YOUR GOAL >>
Below are lines of data, and only some are wanted. Please repeat exactly those from the line that has "Dividenden-Akt" through the line that has "荷蘭種子紅、綠牛油生菜 (200克)".

SOURCE MATERIAL >>
↓↓↓
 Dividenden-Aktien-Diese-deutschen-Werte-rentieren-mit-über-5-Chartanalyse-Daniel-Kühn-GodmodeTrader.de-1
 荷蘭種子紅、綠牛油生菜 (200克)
↑↑↑
↓↓↓
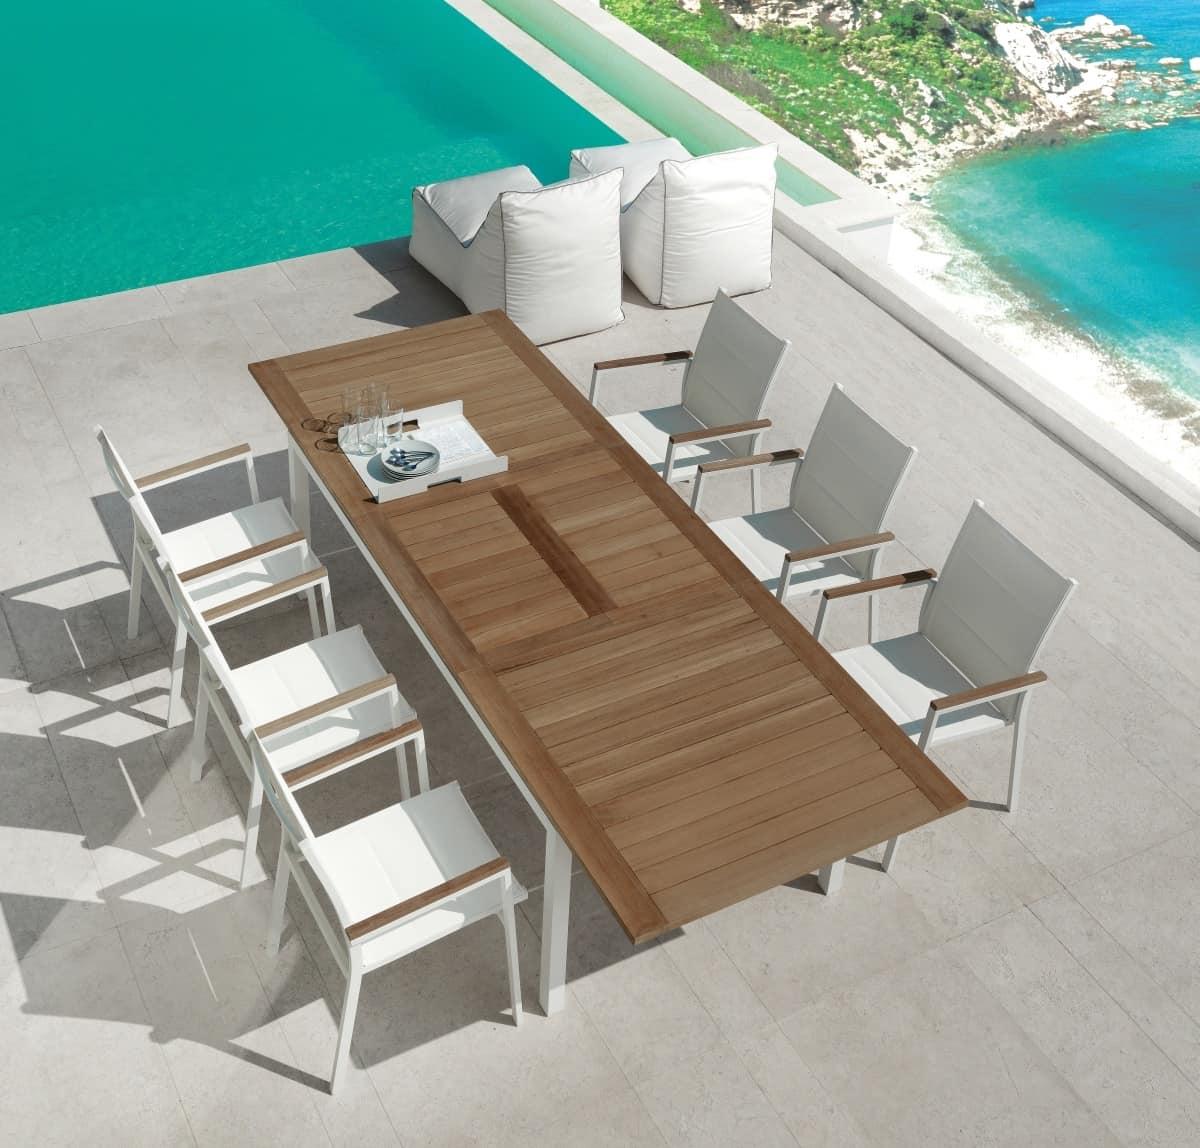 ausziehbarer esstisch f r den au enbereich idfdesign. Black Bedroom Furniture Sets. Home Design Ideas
↑↑↑
↓↓↓
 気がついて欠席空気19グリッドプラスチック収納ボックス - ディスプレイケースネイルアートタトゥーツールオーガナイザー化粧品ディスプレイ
↑↑↑
WRITTEN RESPONSE >>
 Dividenden-Aktien-Diese-deutschen-Werte-rentieren-mit-über-5-Chartanalyse-Daniel-Kühn-GodmodeTrader.de-1
 荷蘭種子紅、綠牛油生菜 (200克)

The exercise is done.